Dataset entries
------------------------
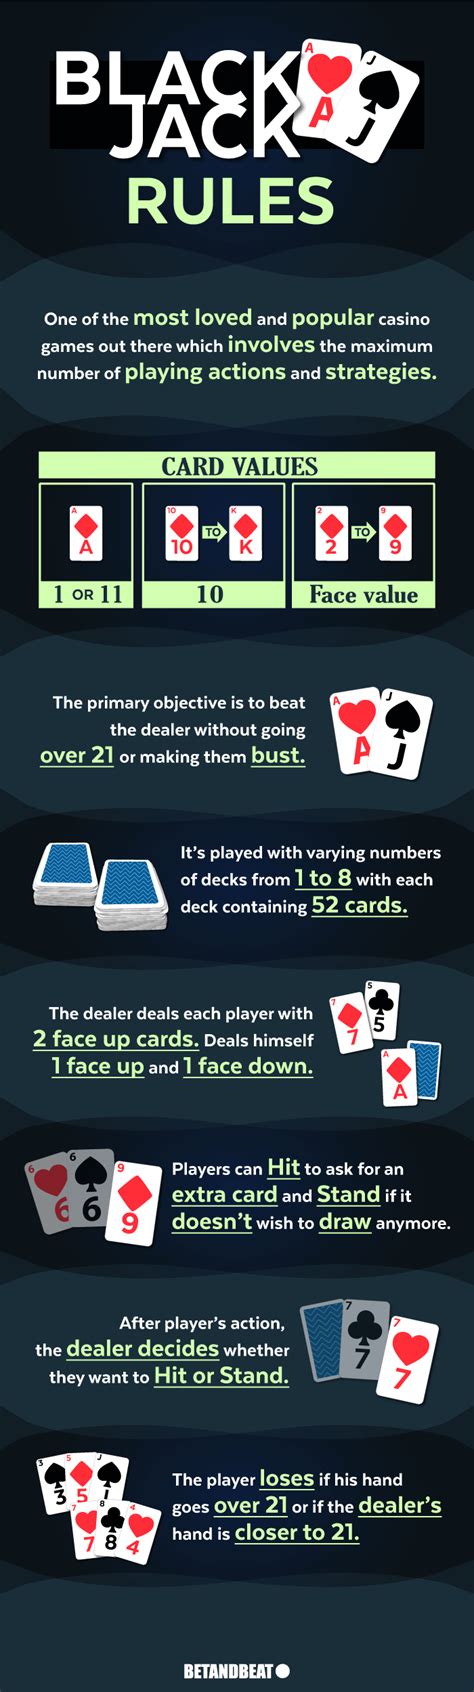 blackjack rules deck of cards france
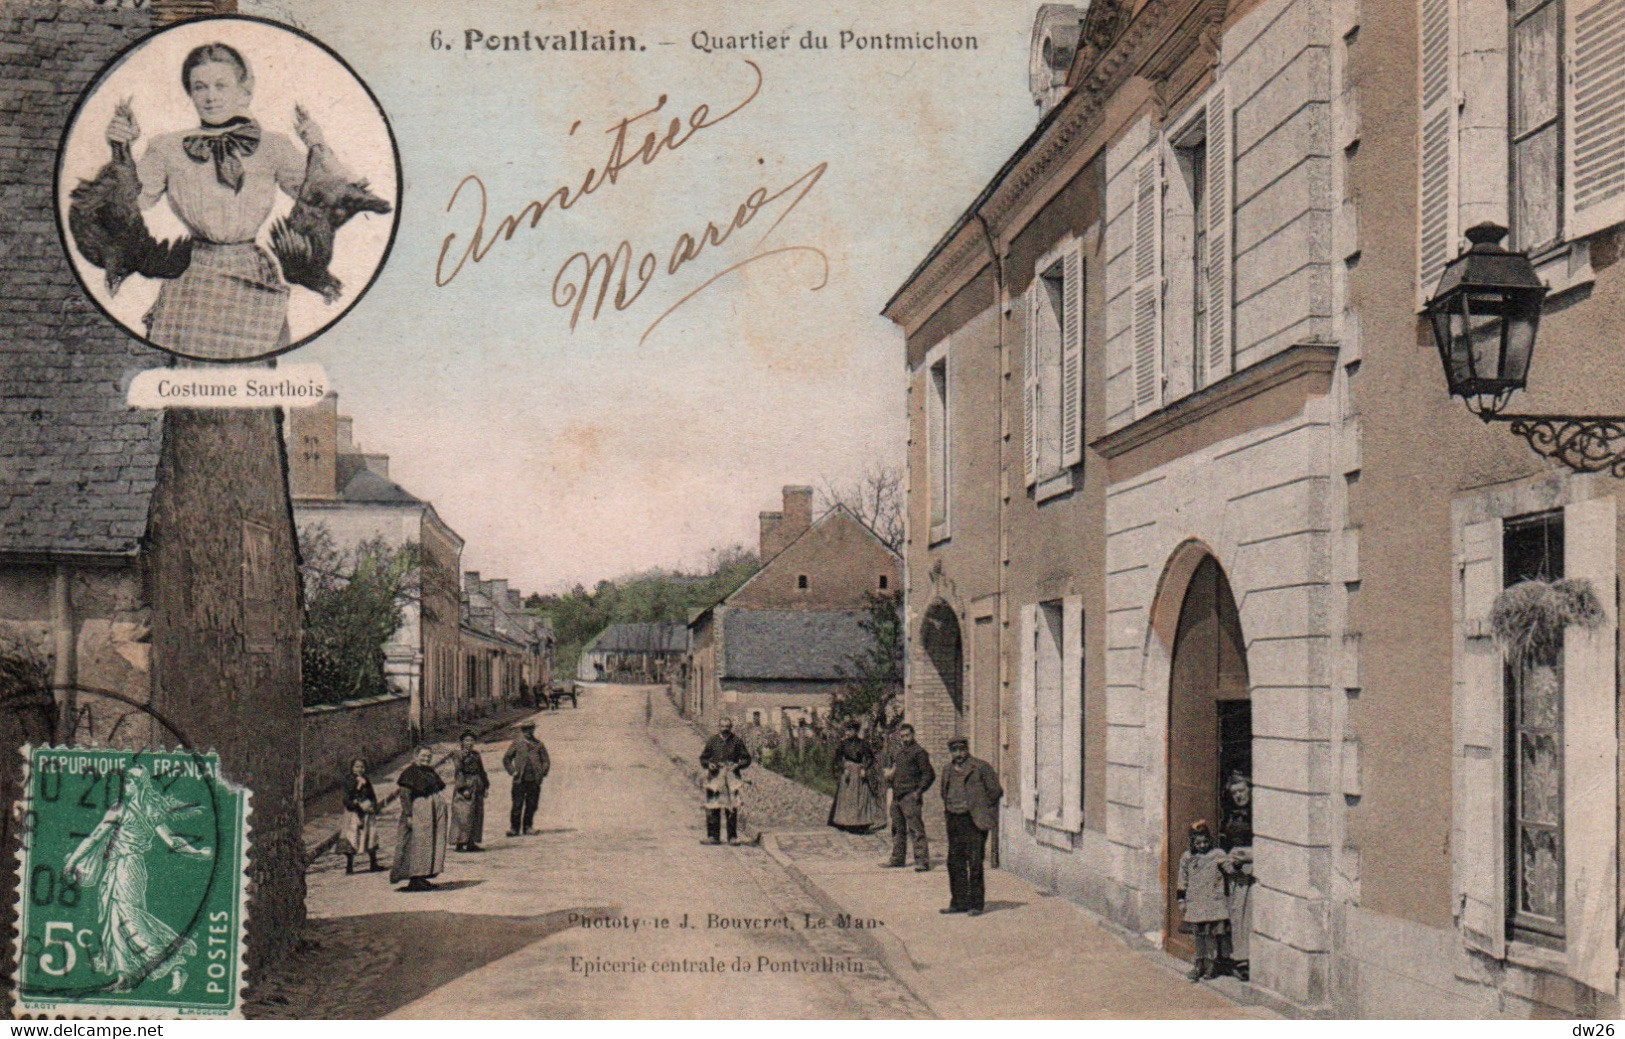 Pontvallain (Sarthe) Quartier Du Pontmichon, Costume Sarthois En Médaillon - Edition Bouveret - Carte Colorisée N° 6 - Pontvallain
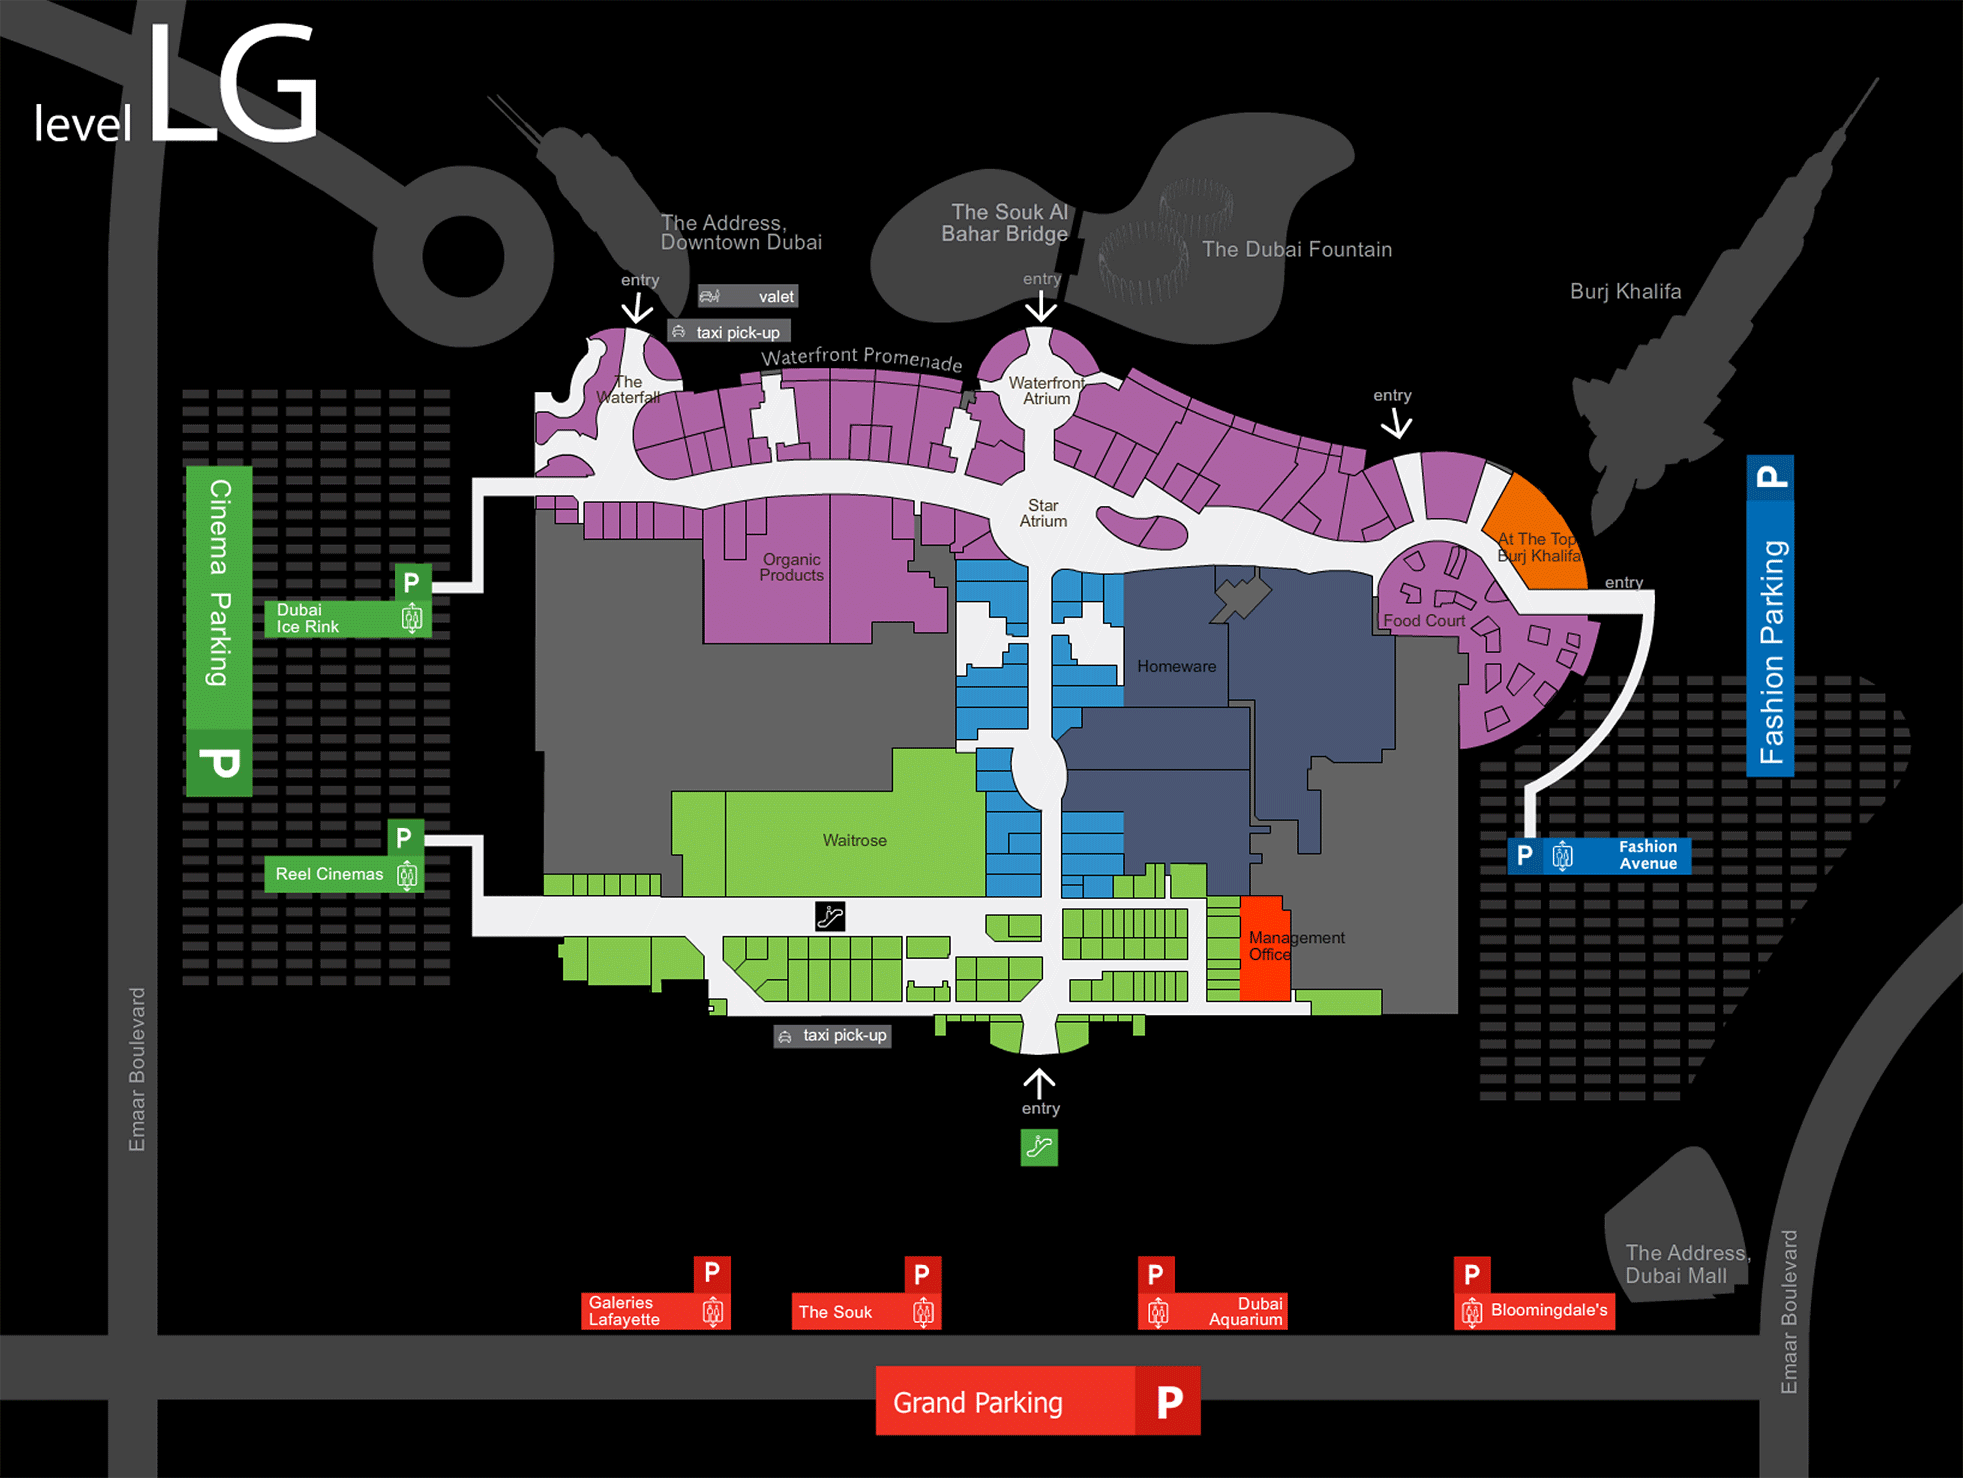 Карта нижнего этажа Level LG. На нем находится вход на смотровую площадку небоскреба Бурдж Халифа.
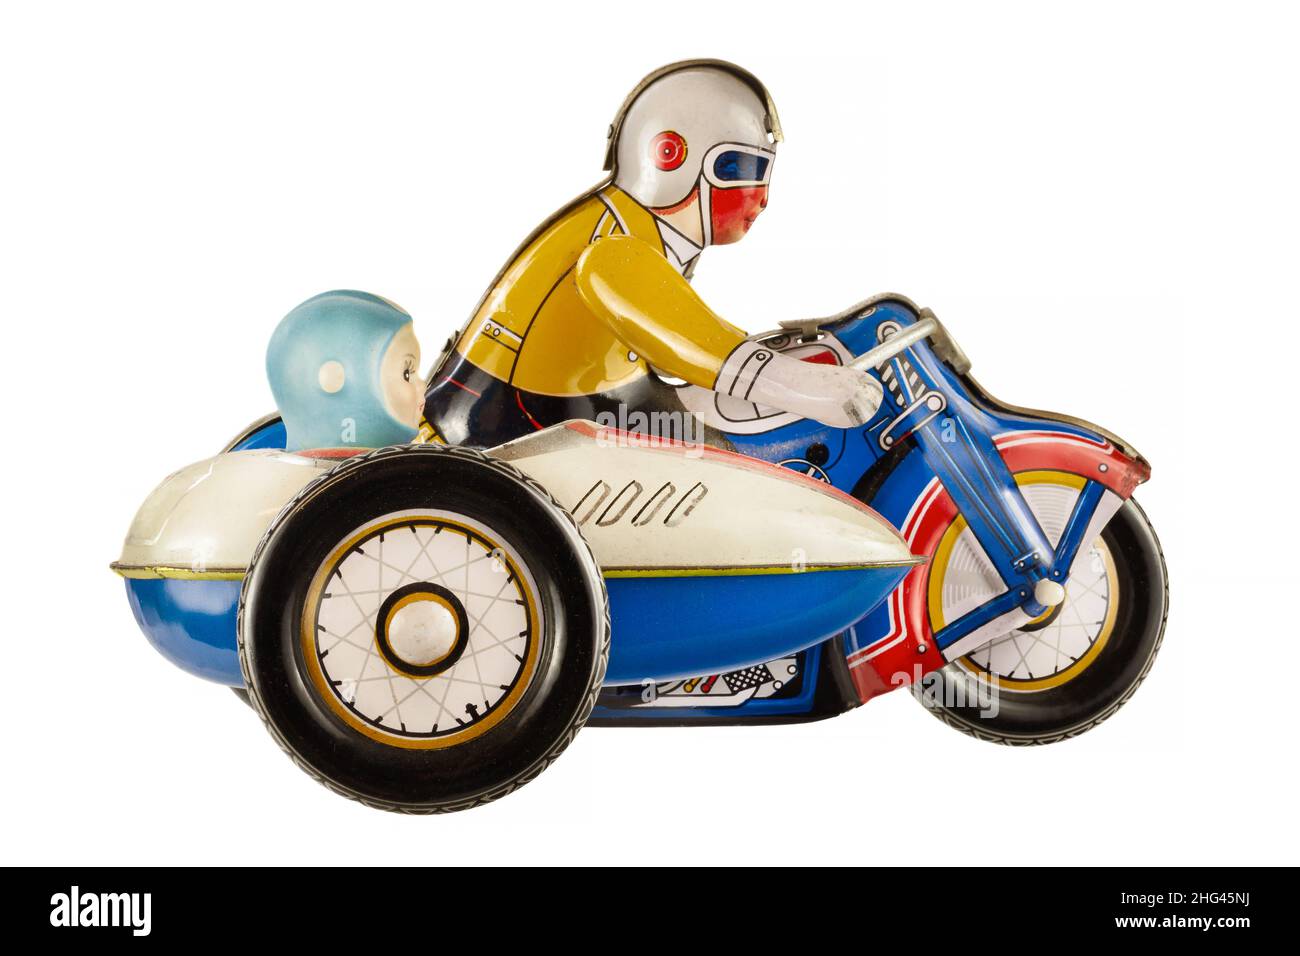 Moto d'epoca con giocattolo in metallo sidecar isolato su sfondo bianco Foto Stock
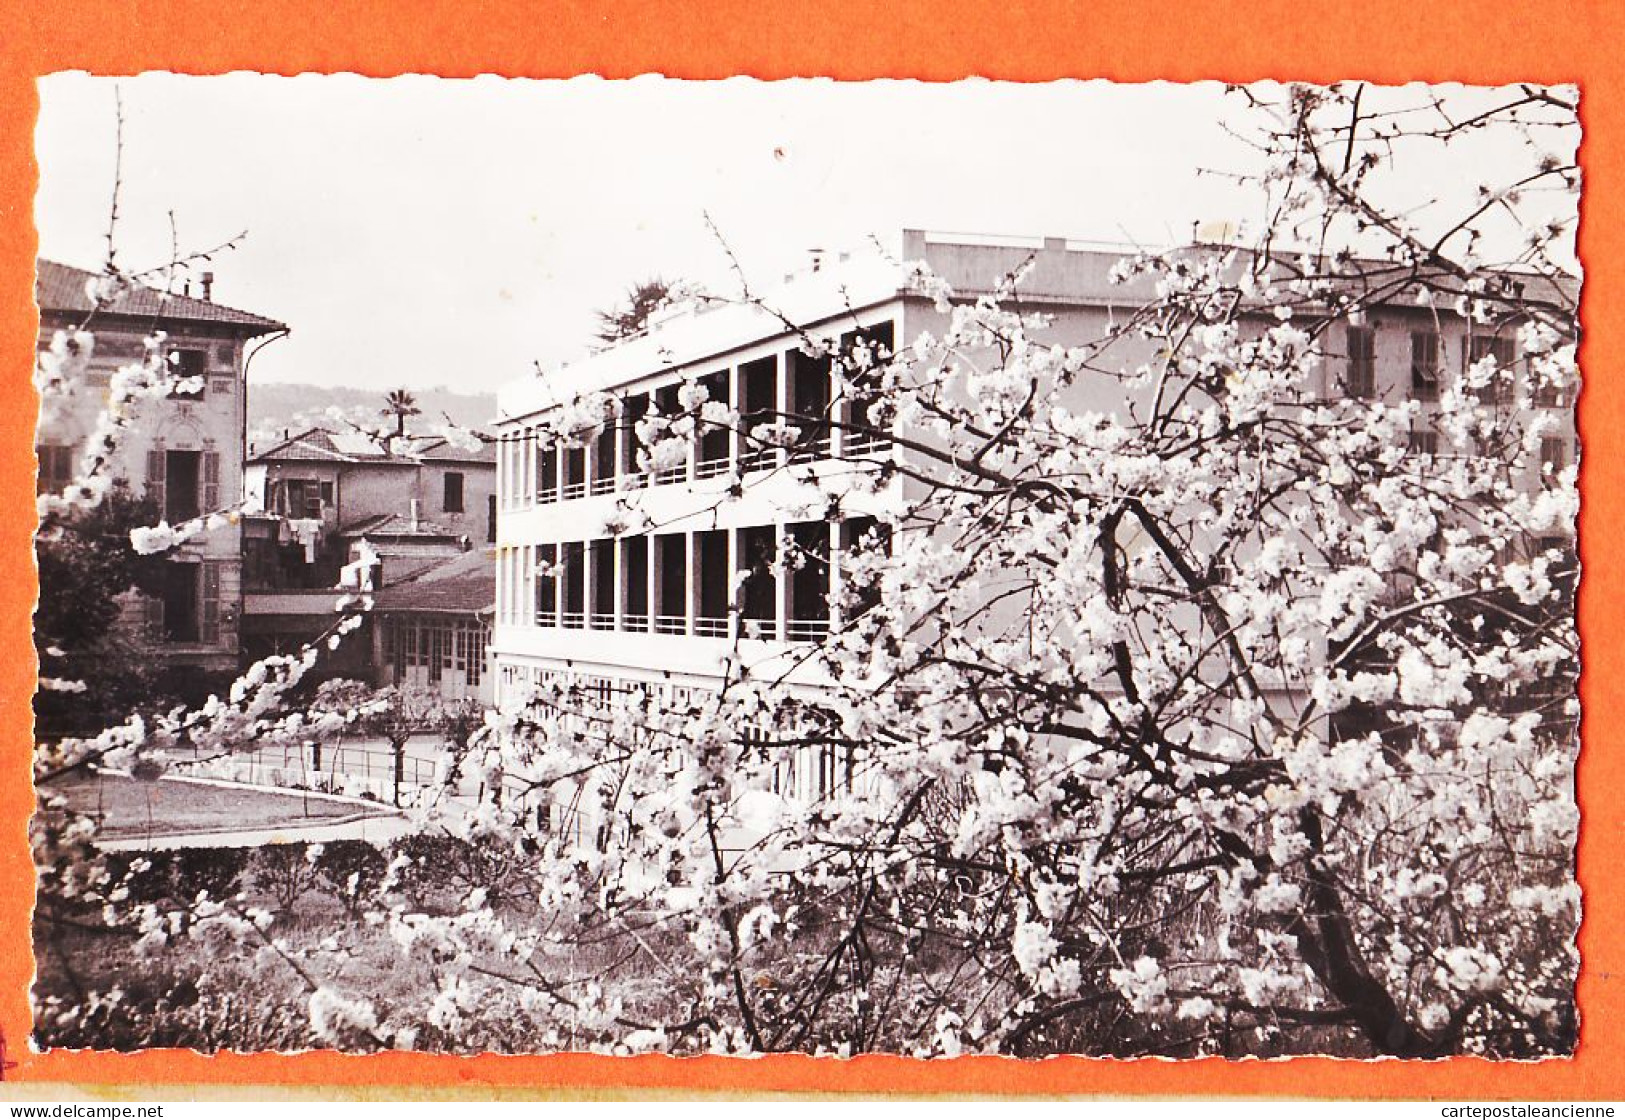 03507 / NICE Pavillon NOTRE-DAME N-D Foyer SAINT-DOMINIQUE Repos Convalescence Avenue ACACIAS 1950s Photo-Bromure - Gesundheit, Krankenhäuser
------------------------
● **Work to be completed**
Retype the data above exactly. Do not carry over any images.

● **Solution for this task**
 blackjack rules deck of cards france
 Pontvallain (Sarthe) Quartier Du Pontmichon, Costume Sarthois En Médaillon - Edition Bouveret - Carte Colorisée N° 6 - Pontvallain
 Карта нижнего этажа Level LG. На нем находится вход на смотровую площадку небоскреба Бурдж Халифа.
 Moto d'epoca con giocattolo in metallo sidecar isolato su sfondo bianco Foto Stock
 03507 / NICE Pavillon NOTRE-DAME N-D Foyer SAINT-DOMINIQUE Repos Convalescence Avenue ACACIAS 1950s Photo-Bromure - Gesundheit, Krankenhäuser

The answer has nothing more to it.